Cuando uno acude a un restaurante de lujo, no lo hace precisamente para nutrirse, sino …

Con humor Jay Rayner reporta sus viajes en busca del «menú perfecto»; siempre y cuando se piense, como él lo confiesa, que sólo puede hallarse en los grandes restaurantes de lujo de Europa, Estados Unidos, Japón y los Emiratos Árabes. Esta opción globalizada y a la vez limitada -muy limitada- tal vez no podríamos pedirle más-, lleva a pensar en las expectativas que pueden hallarse en el «tercer mundo».

Esta «tercera categoría» obviamente no representa una comida de «tercera» clase, aunque existan tintes políticos al respecto, tanto por las instituciones que declaran el carácter de lujo de un restaurante como de la fachada cultural que los países latinoamericanos.
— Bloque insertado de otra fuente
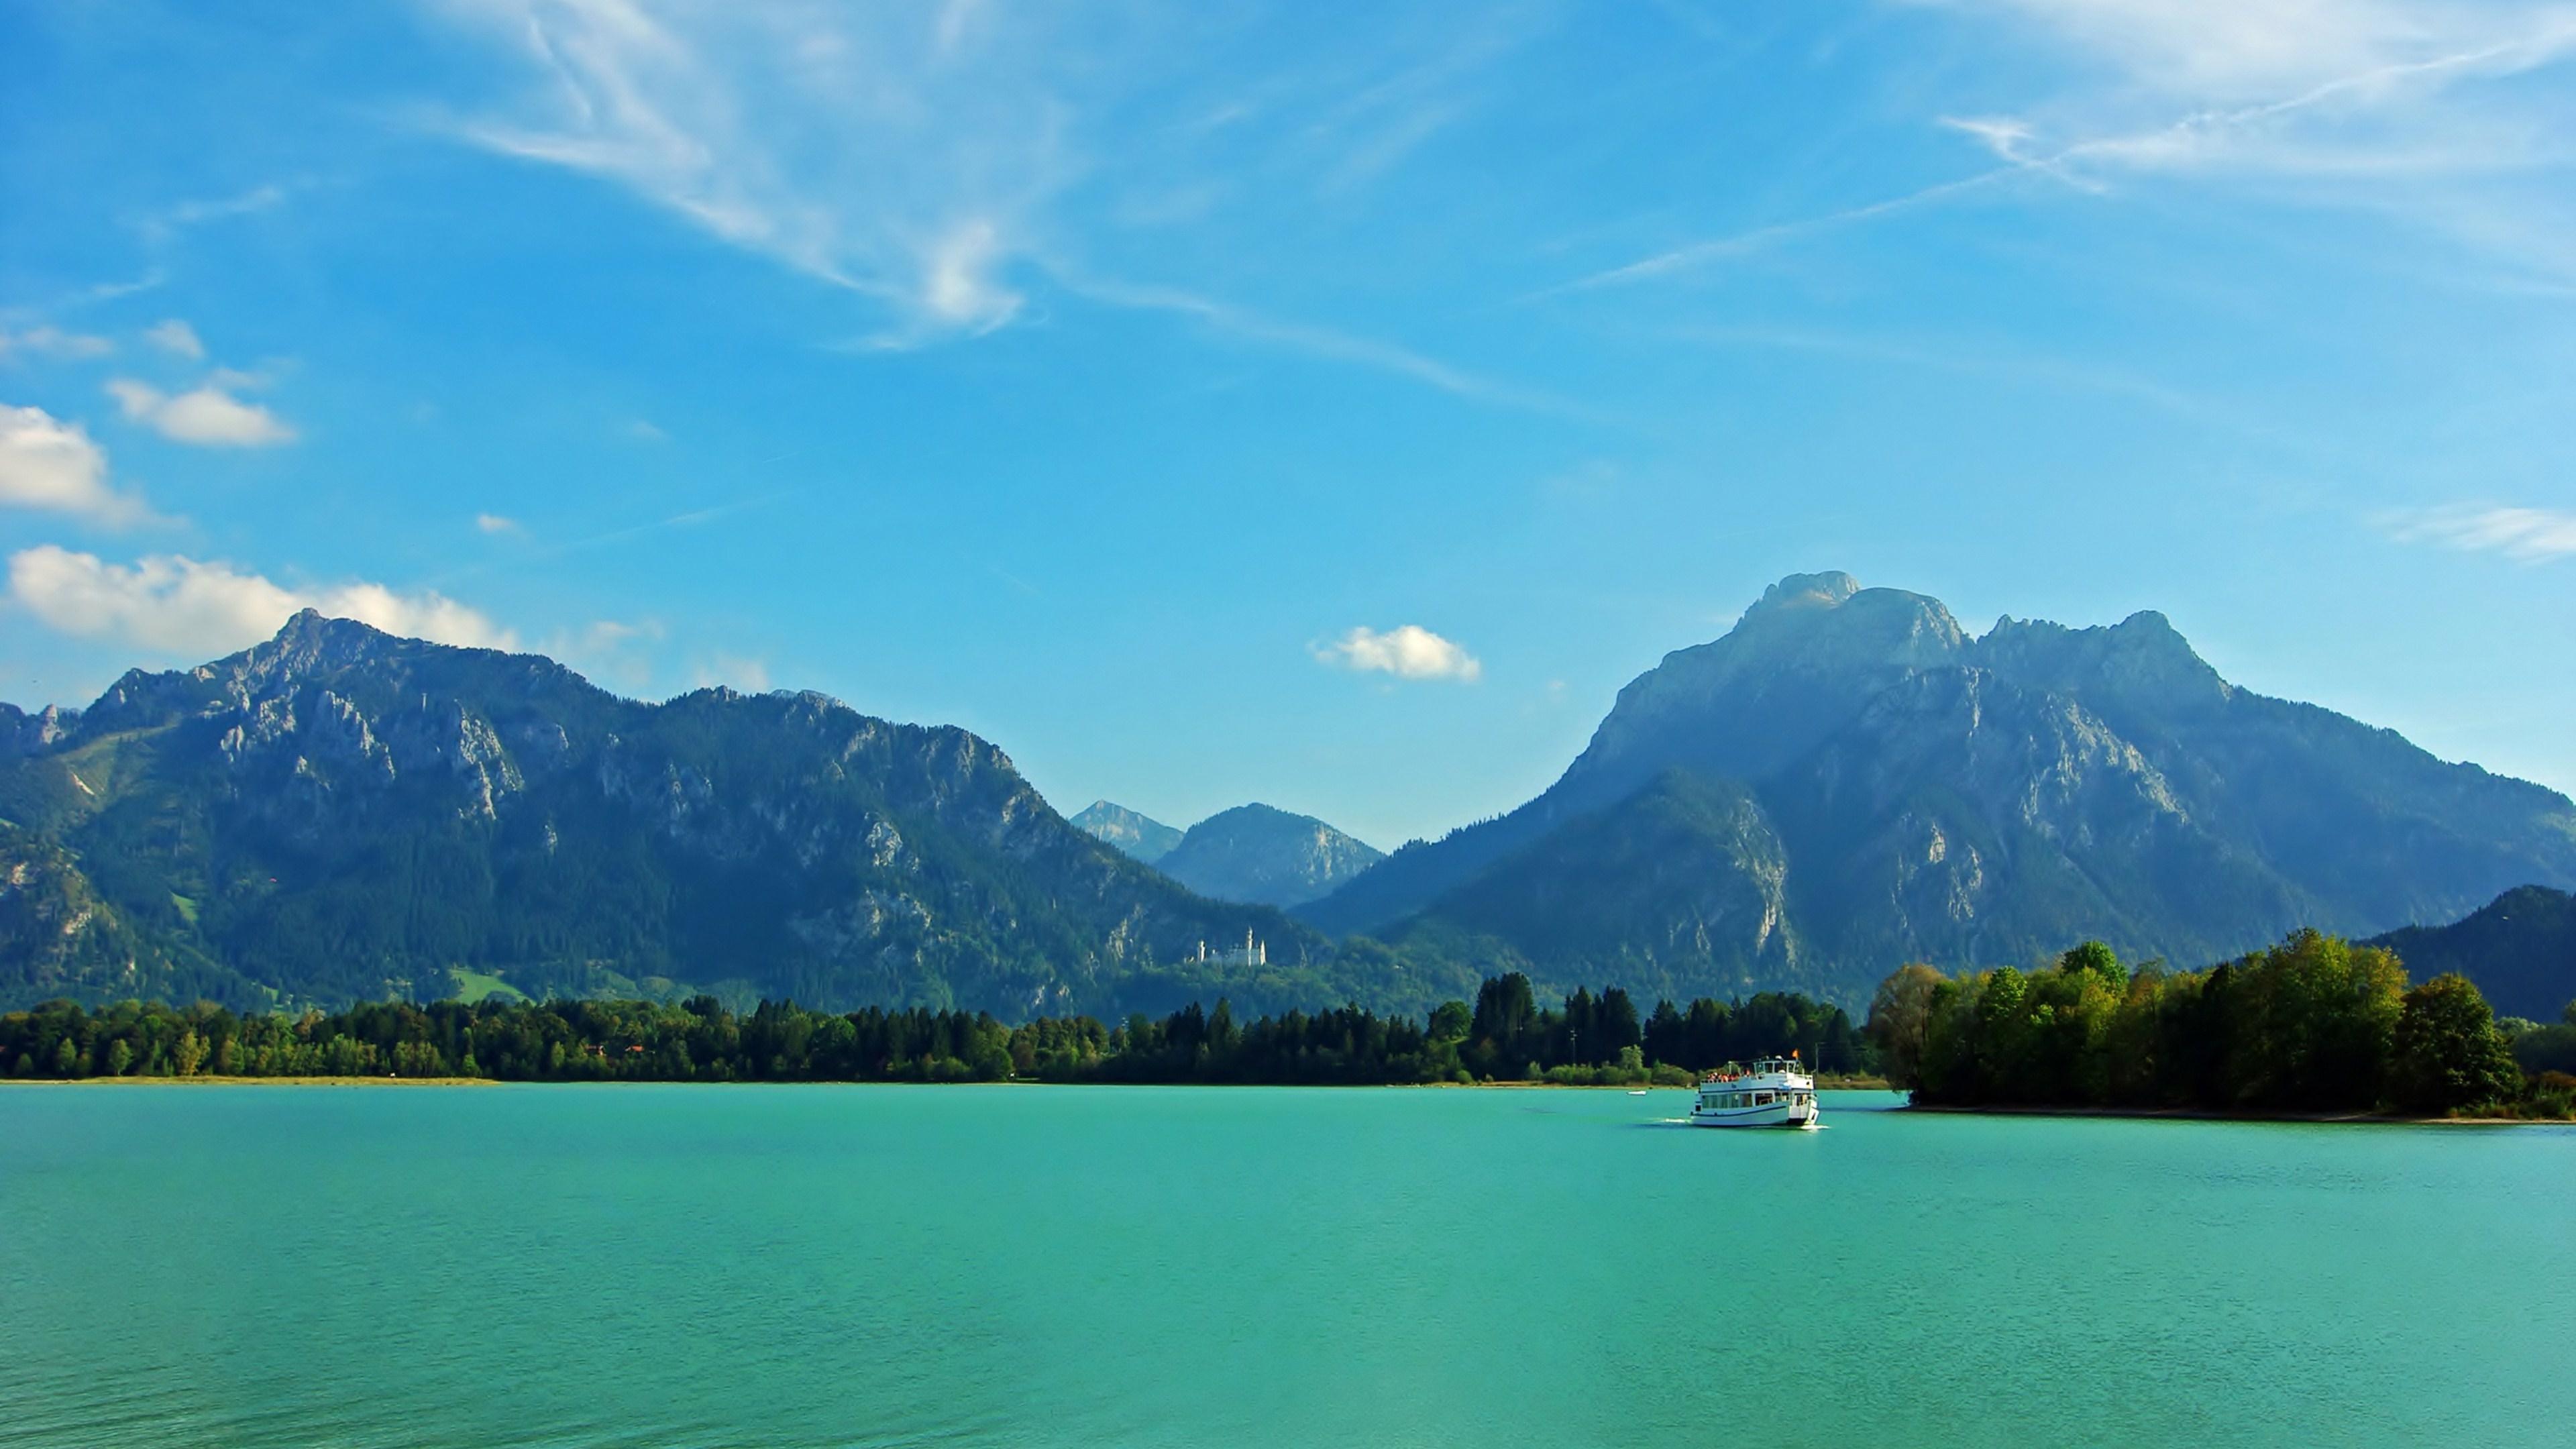 Alpsee Lake (Bavaria) wallpaper

Por ejemplo, no existe un restaurante latinoamericano que había recibido hasta el momento estas tres estrellas (si es que hablamos geográficamente, donde se supone que una cocina toma su carácter cultural). ¿Quién vendría a comer con tan mala fama de nuestros países? Allende esta visión pesimista, existe el abnegado orgullo de sentir que nuestra cocina ha llegado a llamar la atención de los especialistas -como si hicieran falta para reconocer el valor de la misma, ya sea de autor como de un legado cultural-, en los contados casos de restaurantes de compatriotas como Punto MX (Madrid), Mexique (Chicago) y Casa Enrique (Nueva York).
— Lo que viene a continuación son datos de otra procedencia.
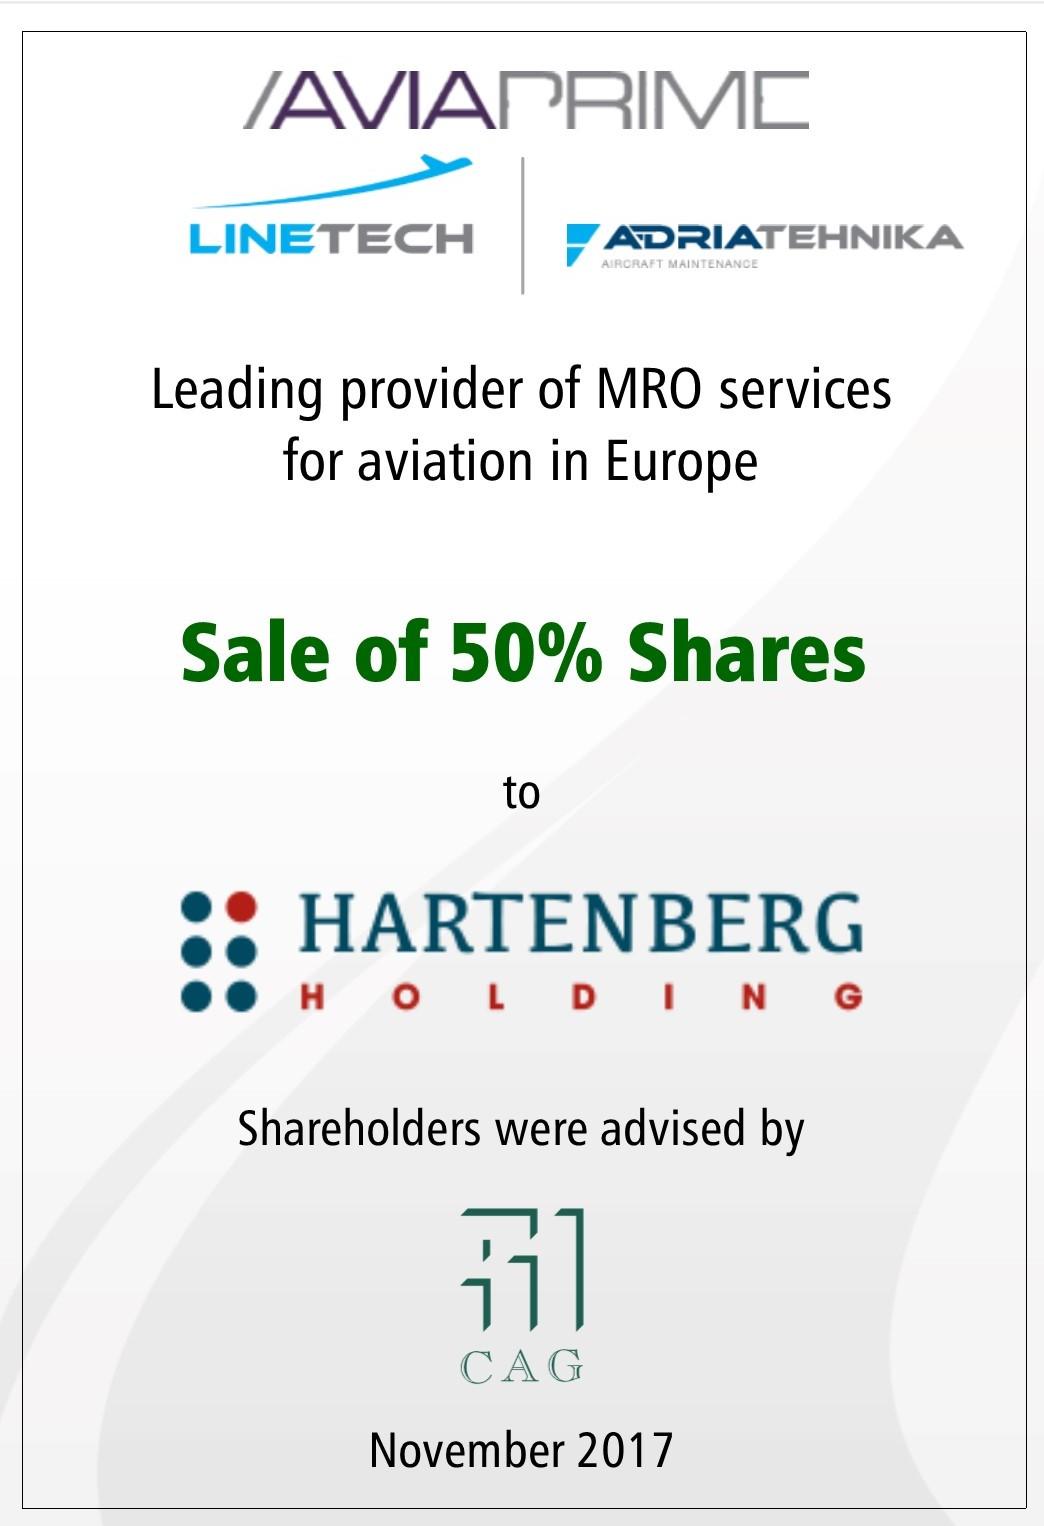 Hartenberg Holding

Aunque en México puede presumirse de restaurantes que ostentan precios a la manera de algunos europeos con estrellas Michelin, a juzgar por su menú de degustación (por ejemplo: Pujol o Biko, entre otros) y otros bastante razonables y que al leerlos simplemente se antoja (Quintonil), a excepción de ocasiones especiales como cuando chefs de otras latitudes llegan.
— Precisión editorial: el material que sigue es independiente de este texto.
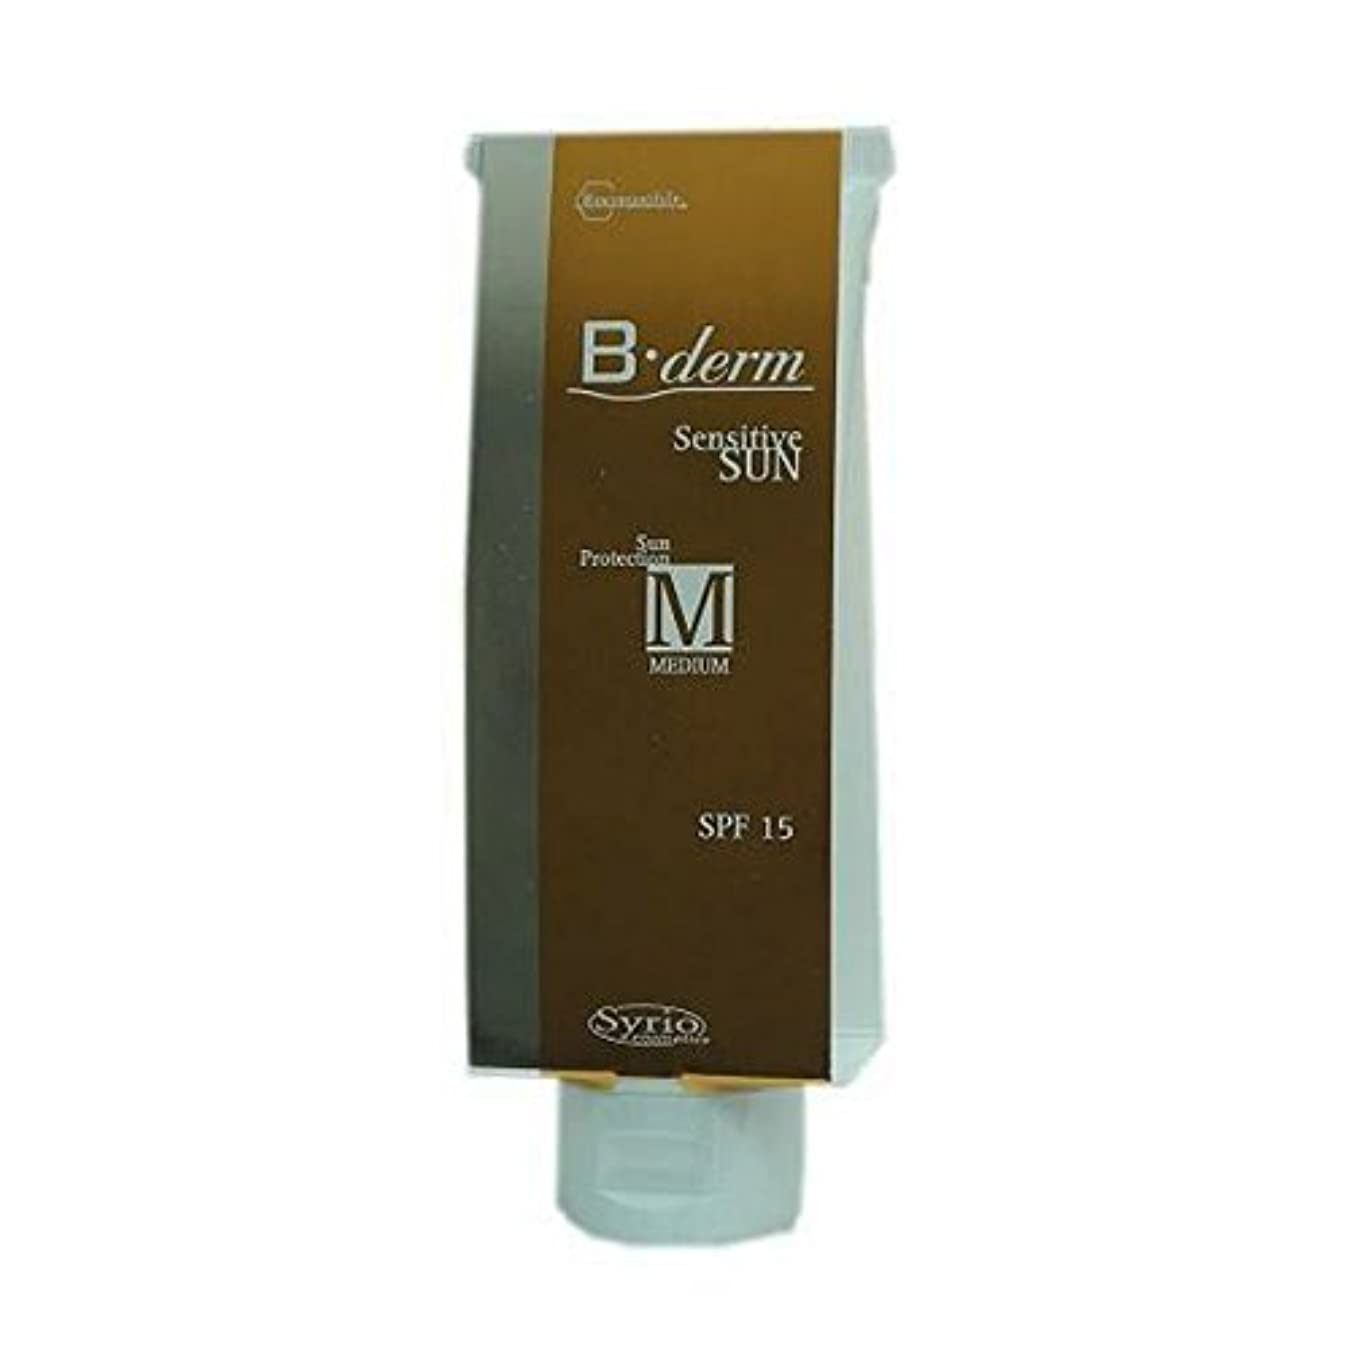 誘う抽選役割B-derm Sun Cream Spf15 125ml [並行輸入品]

En fin, a pesar de que Rayner se porta como un "buen chico" -a lo largo del libro parece presumir de ello-, no tanto por sus modales sino por su apego a las tres estrellas Michelin, una de sus últimas observaciones llama la atención: "Si mi viaje alrededor del mundo me ha enseñado algo, es que sólo hay una forma de decidir si un plato es bueno o malo, y es ésta: ¿tiene buen sabor?" (p. 304) Apegarse a lo esencial es, finalmente, casi un perogrullo. Pero lo que enseña es que volver a los orígenes, a lo evidente, es un acto subjetivo cuya relatividad depende más de las capacidades natas (de ese mundo químico que es el cerebro y el ADN) y luego del entorno cultural (o el educarse en los códigos de la gastronomía profesional). Lo tienes, lo disfrutas. No todos tienen una sensibilidad desarrollada o suficientemente amplia para juzgar ciertos sabores. Ahí, el buen sabor no parece tan obvio.